In reply to Al Clark:
Meall An Fhir Eoin Beag/Mor area has great routes and rock. Yir (2 pitch VS), Claude (single pitch HVS/VS5a), Great Gabbro (single pitch VS4c-soft), Vulcan (2 pitch VS), Ring of Fire (HVS 5a), Crater Comforts (2 pitch VS-soft) Krakatoa (Hooded Wall, single pitch HVS 5b and Volcane (E14c,5b) is a very amenable E1. Its definitely 'Ardnamurchan popular end'. Pics
http://alanhalewood.blogspot.co.uk/2014/04/no-finger-prints-left-but-happy-...
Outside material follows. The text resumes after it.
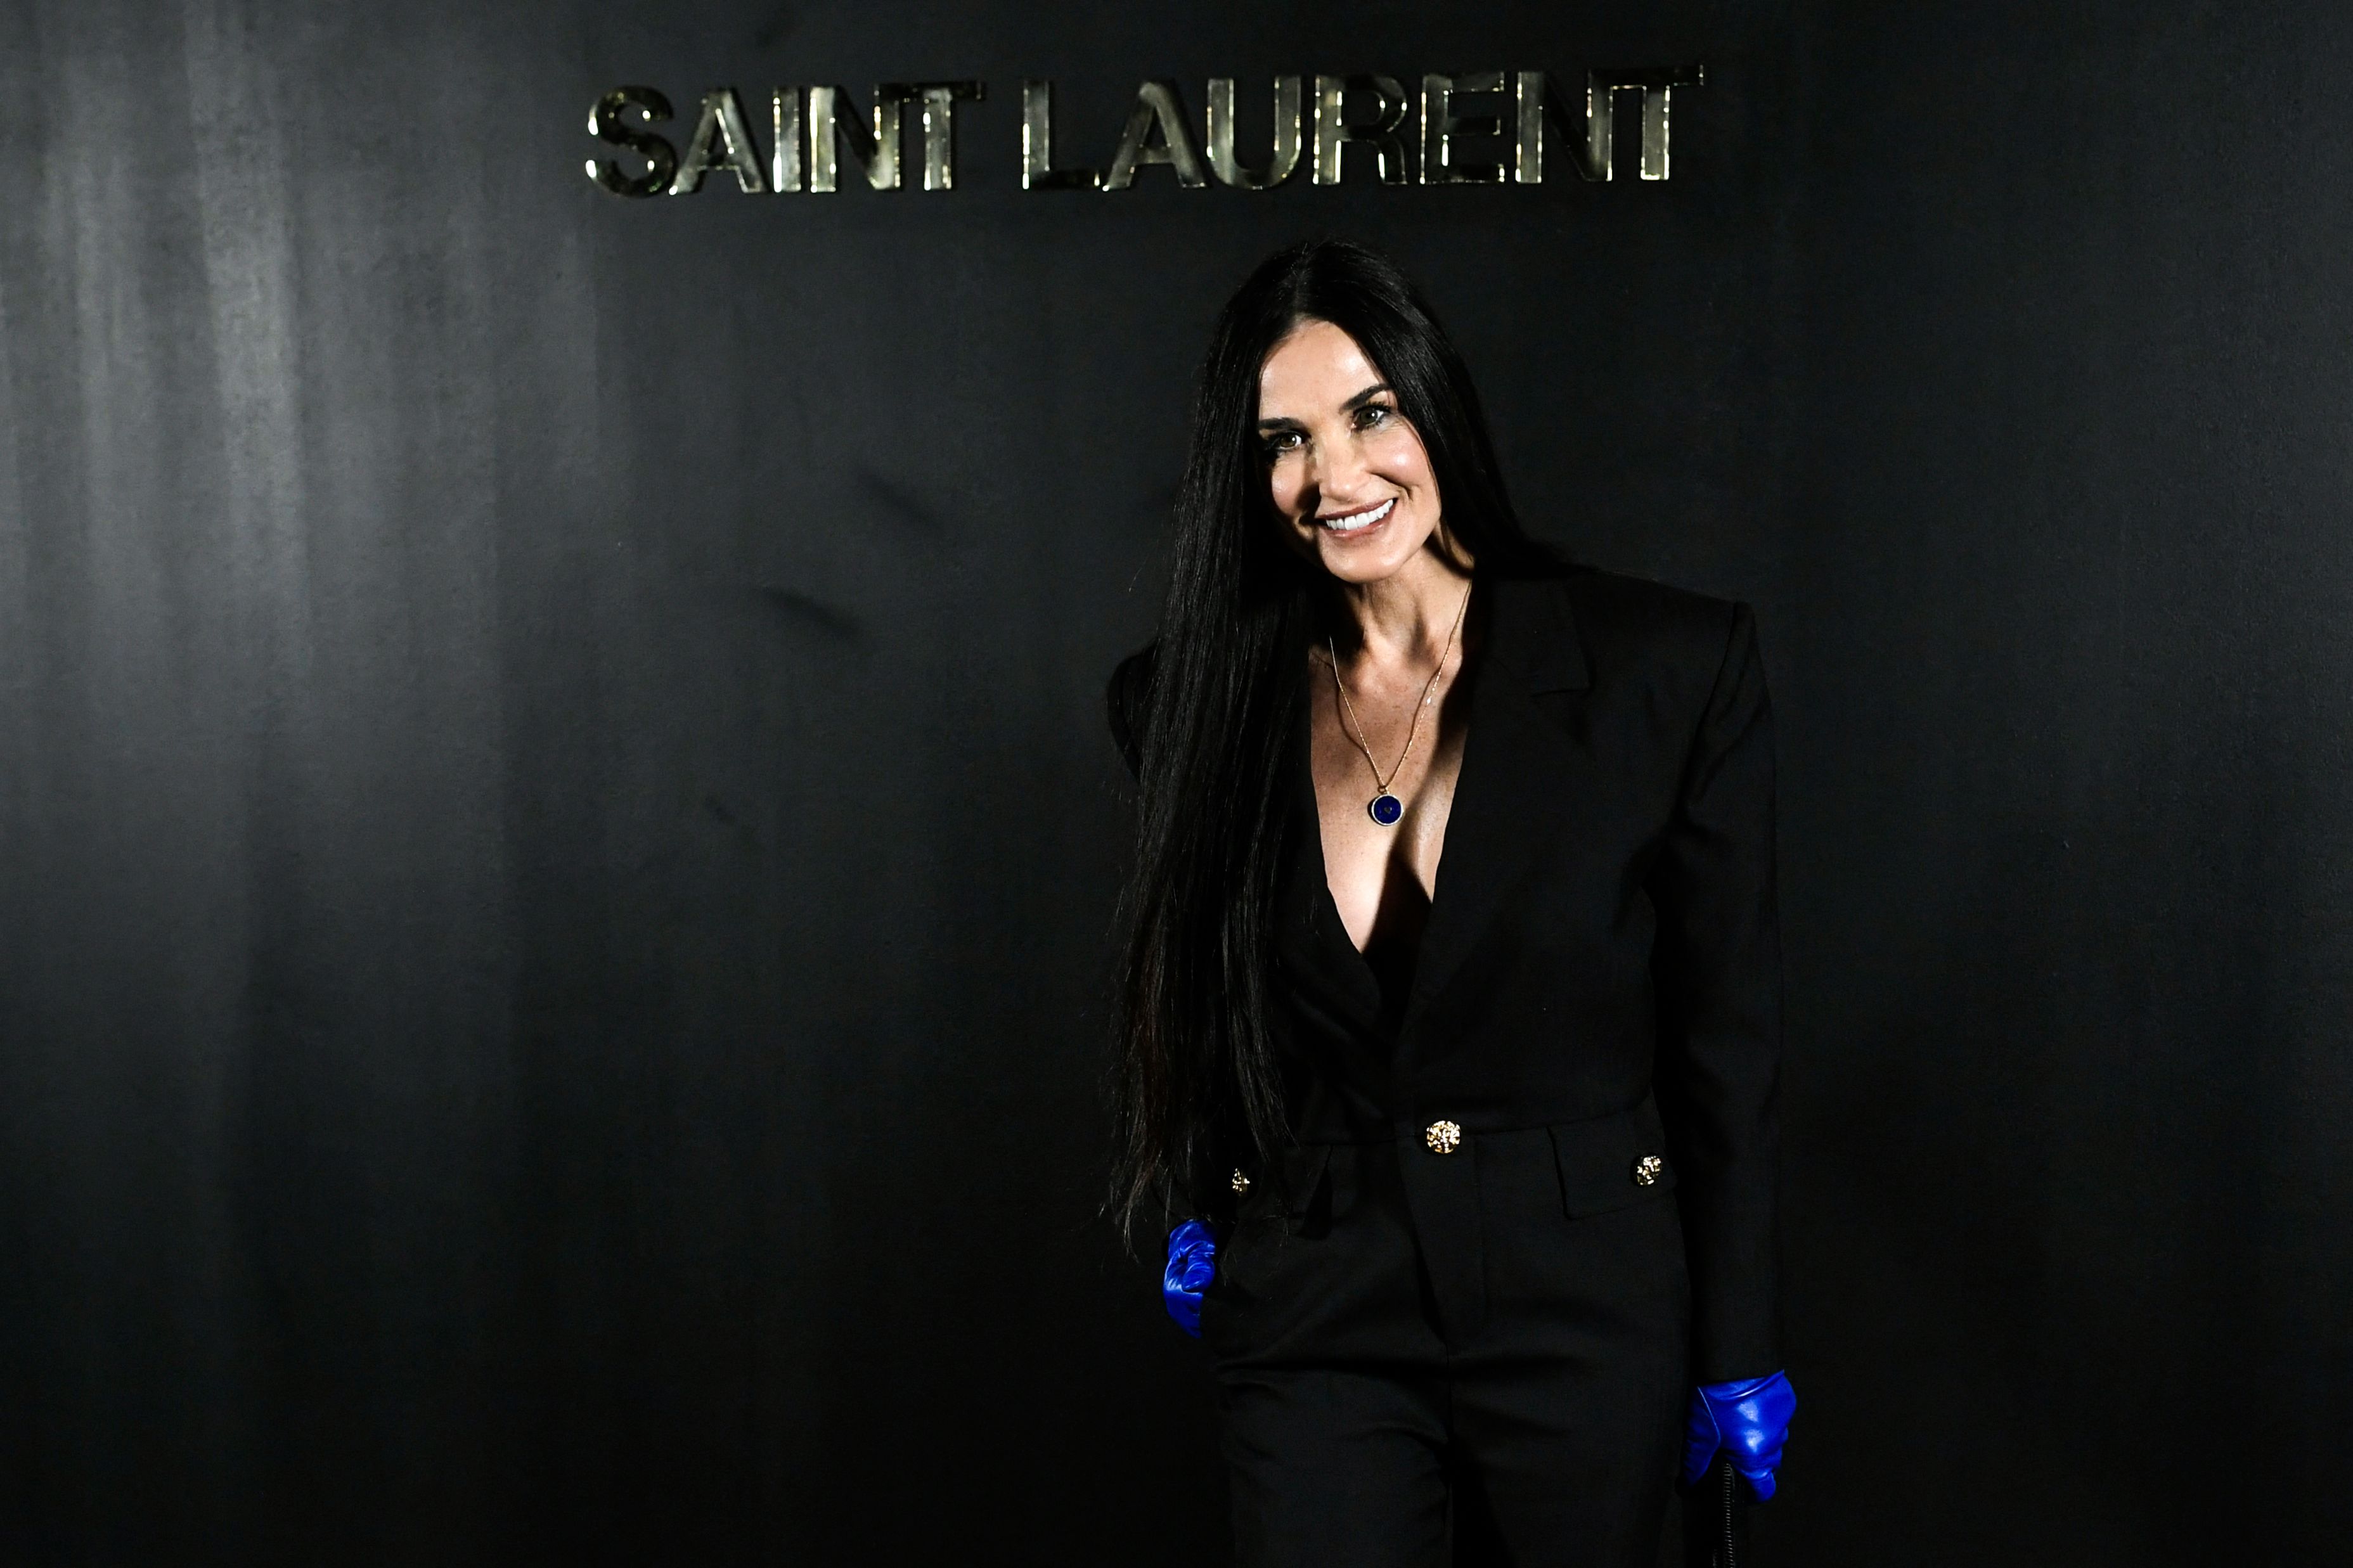 Demi Moore, whose real name is Demi Gene Guynes and has been married three times, poses for a photo at the Saint-Laurent Fall-Winter 2022-2023 show

The Apron Slabs (Meall Meadhoin in UKC Logbooks) also has great things to go at too. Ne'er Day Corner (VS), Glendrian Corner (VS), Seabhraic (HVS) and Leac Glas (HS, probably only 4a but first pitch is run out) are all grand 2 pitch routes. The rock isn't quite as good in places as MAFEB above but nearly. Pics
http://alanhalewood.blogspot.co.uk/2014/04/home-to-rough-hot-rock.html
For the most part the rock is so sticky its not true. Gear is good and small to medium cams useful. There is a lifetime of bouldering to go at and lots of exploring to be one too. Take shoes and chalk bag for a day, leave the guidebook in the car and enjoy.